I'm working on a video game that takes place aboard a spinning space ship. In one of the scenes the player has to go outside and climb a ladder through the spine of the ship. I'd just like to know if that's possible and if yes, what would it be like, compared to regular gravity here on Earth.

 

[kurros]

There is no difference between what happens to each of the people. If he jumps "straight up", as it appears to him in the rotating frame, then in the stationary frame his velocity vector gets an extra component towards the centre of rotation, but the net vector still points mostly tangential to this. So he leaves the surface, but his straight line motion quickly intersects with the curved path of the box again, so he lands back on the box.

The air is not necessary for this; i.e. you don't need any friction to keep synchronised with the rotation of the box, because it is just rotating at constant velocity. If you jump, and then the box suddenly stops rotating, then your path will no longer intersect with the box and you are "flung" off into space. Of course if you don't jump and the box stops then much the same thing happens, except your legs get pulled out from under you as the ground zooms off to one side.

Edit: As for the Coriolis effect, I don't believe this is something one can "feel". In the rotating frame it "acts" uniformly on your whole body, and has no r dependence, so you don't feel it just like you don't feel gravity pulling on you when you are in free fall. So it won't make you lean or any such thing. Actually, it is velocity dependent, so you might feel some funky things between parts of your body moving at different velocities relative to each other, like if you wave your arms or something.

Edit2: Ahh ok I forgot some things. This website explains some nice extra effects http://www.dvandom.com/coriolis/spacestation.html
The most fun ones are these I think:
1. If the Coriolis effect is noticeable, then, in the rotating frame, when you jump up you won't land exactly where you started, because your velocity is not perfectly "synced" with the box like I claimed unless you are traveling almost parallel to the box, which is the limit of no Coriolis effect.
2. Similarly, you won't rotate during your flight, so if the box has rotated noticeably during the time it takes to land from your jump, then you won't be exactly upright when you land, which could be unfortunate.
3. As you climb up and down the ladder your velocity has to change to match the increased/decreased velocity of the ladder.

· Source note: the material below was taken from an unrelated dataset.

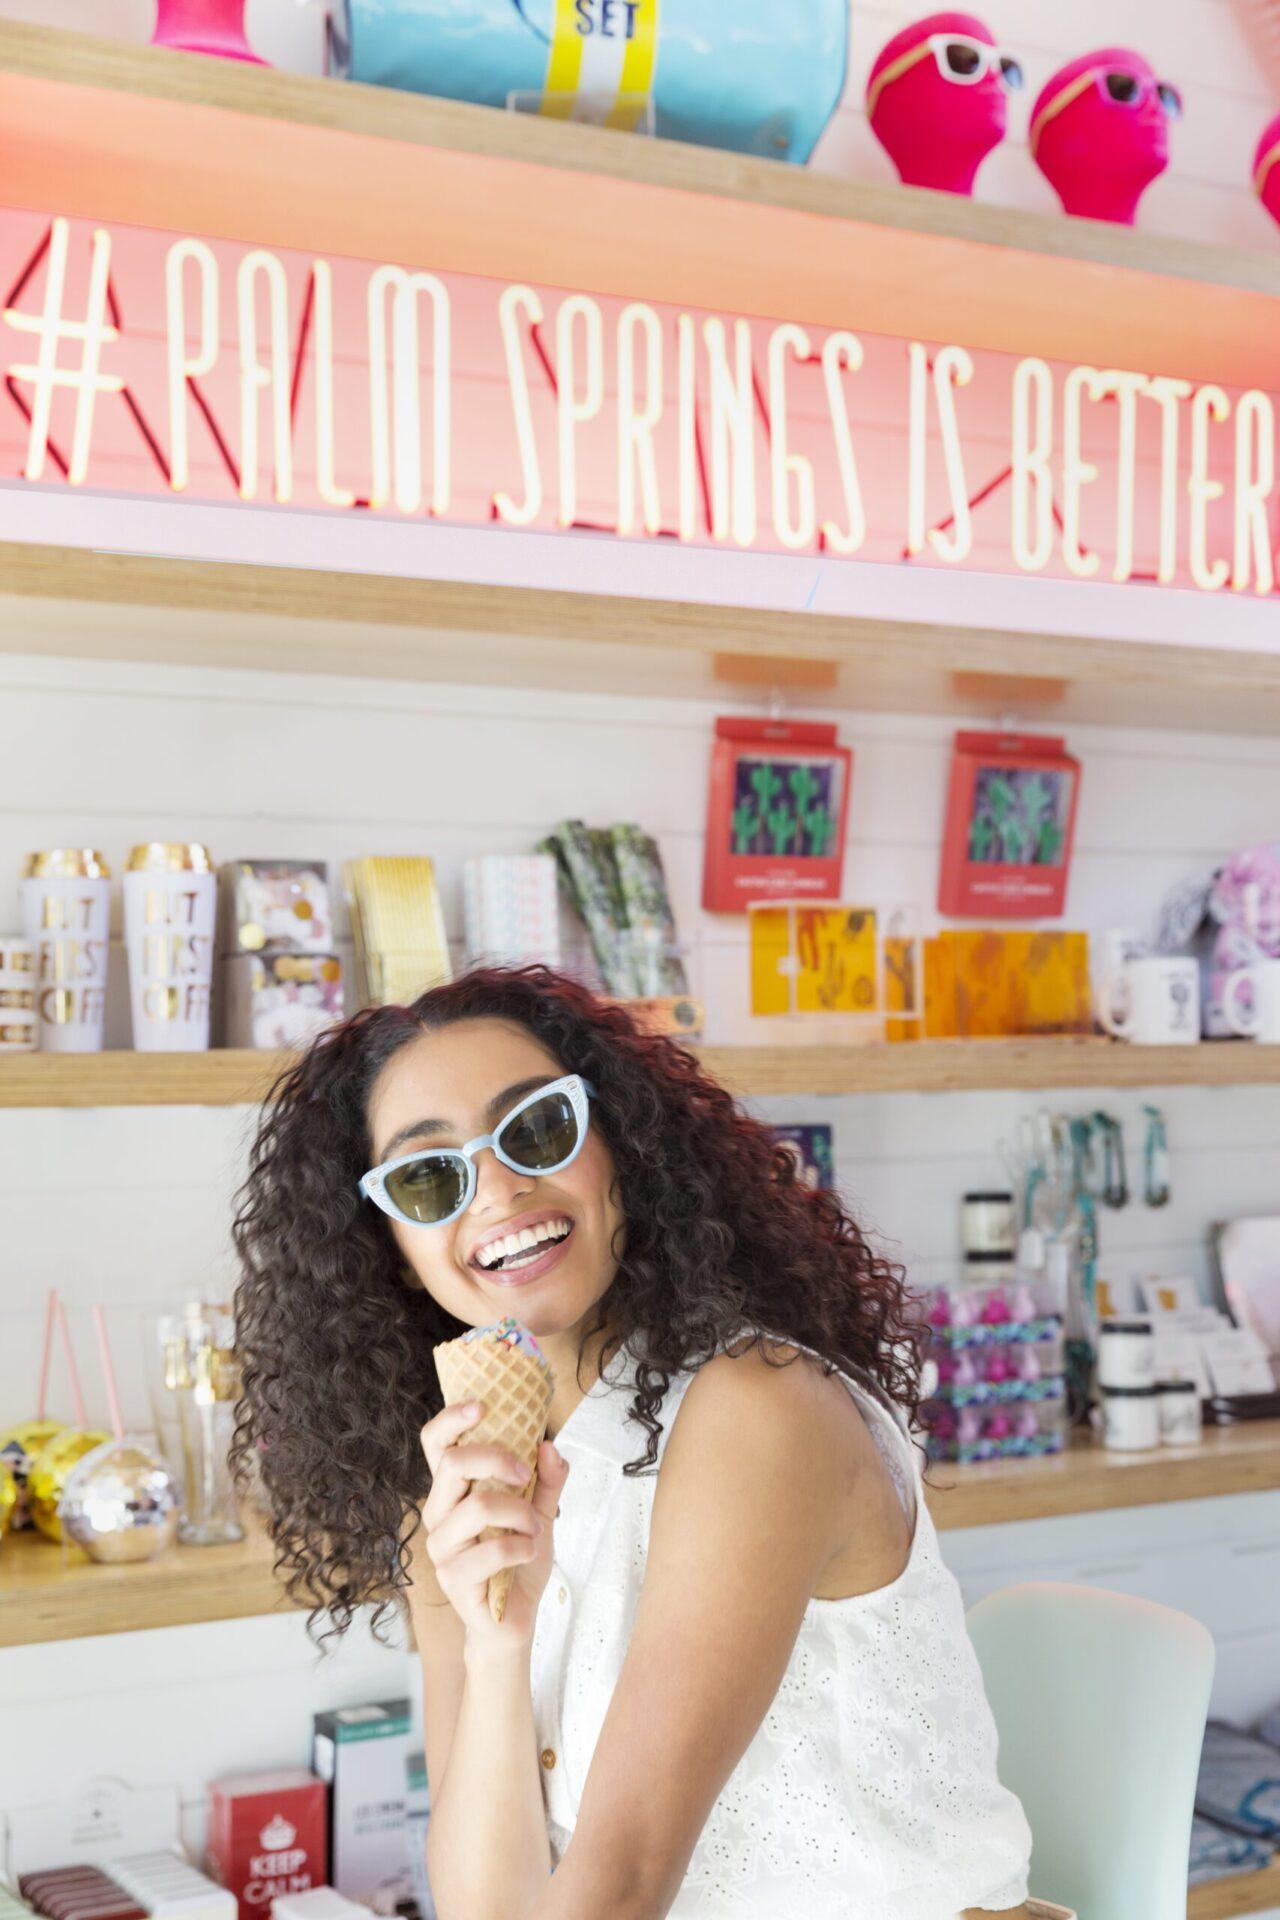 arrive ice cream shoppe
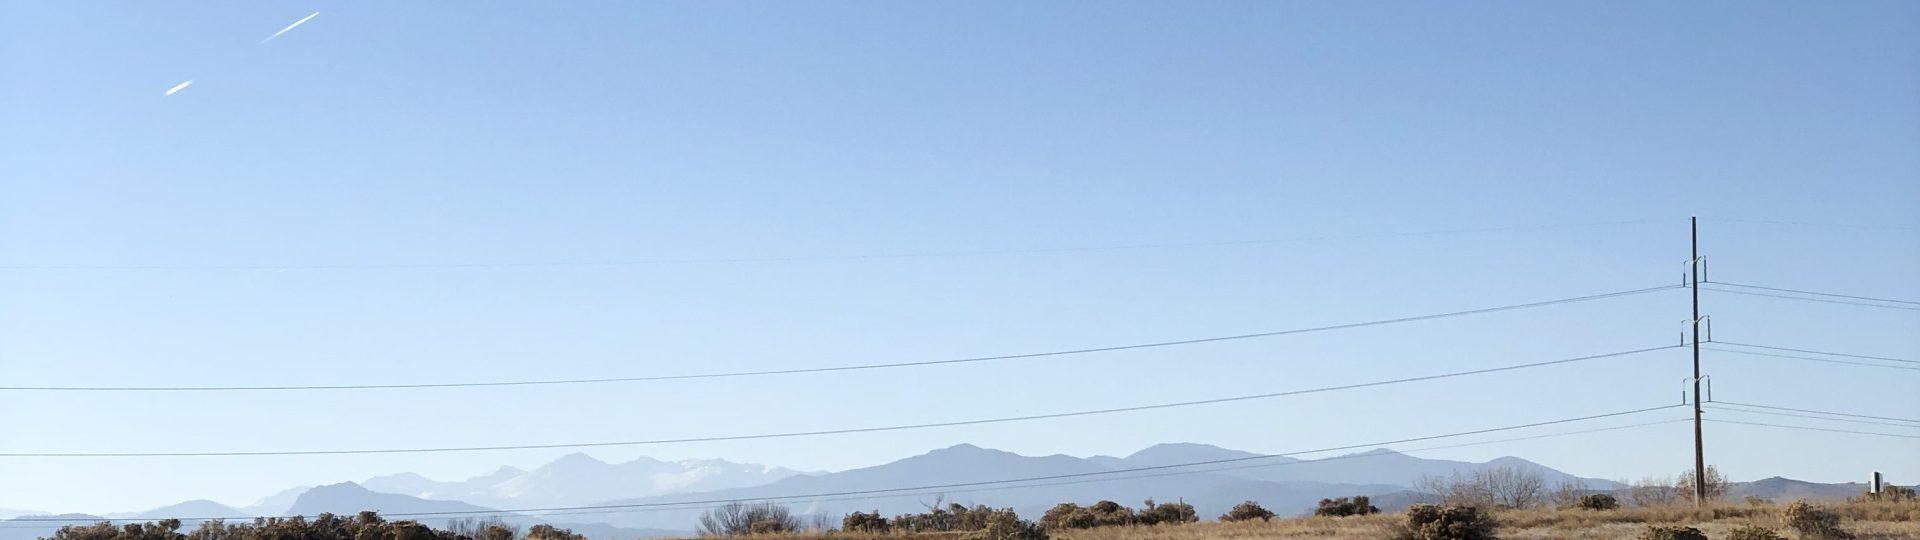 Fort Collins to Loveland (and back) via bike

So you feel a (Coriolis) force pulling the ladder away from you sideways, but only when you move up or down it.

 

[kurros]

Haha this one (from the same webpage) is fun as well, and I had not thought about it before:

"Staying at a constant radius doesn't eliminate your troubles either. If you move in the same direction as spin, you increase your personal ω and feel heavier...go too fast and you won't be able to stand at all! If you move against the spin, you could potentially come to a standstill and start to float while the ground rushes by under you, although the wind would quickly slow you down enough to regain your footing. Still, having your weight change depending on which direction you move is going to make for treacherous footing. And keep in mind that walking is not exactly a constant radius proposition, you tend to bounce up and down a little, which will only make things worse if you have a small-radius, high-speed chamber."

Lesson: make your space station big enough and rotate slowly enough to minimise these effects, coz they aren't much fun.

 

[Razorback-PT]

Thanks a lot for that detailed explanation and the quick reply. That helped a lot! That link was very helpful as well.

I believe the ship is big enough to reduce those effects considerably. It's about 300 meters long.

 

[AlephZero]

2. Similarly, you won't rotate during your flight, so if the box has rotated noticeably during the time it takes to land from your jump, then you won't be exactly upright when you land, which could be unfortunate.

That seems a bit confused. You were rotating at the same angular velocity as the space station before you jumped, so you will continue to rotate at the same angular velocity, unless you deliberately change your angular velocity by the way you jump.

However because of the Coriiolis effect, you will land at a different angular position around the circumference of the space station, so you will not be perpendicular to the "ground" when you land again.

 

[kurros]

That seems a bit confused. You were rotating at the same angular velocity as the space station before you jumped, so you will continue to rotate at the same angular velocity, unless you deliberately change your angular velocity by the way you jump.

However because of the Coriiolis effect, you will land at a different angular position around the circumference of the space station, so you will not be perpendicular to the "ground" when you land again.

Hmm yes that sounds better.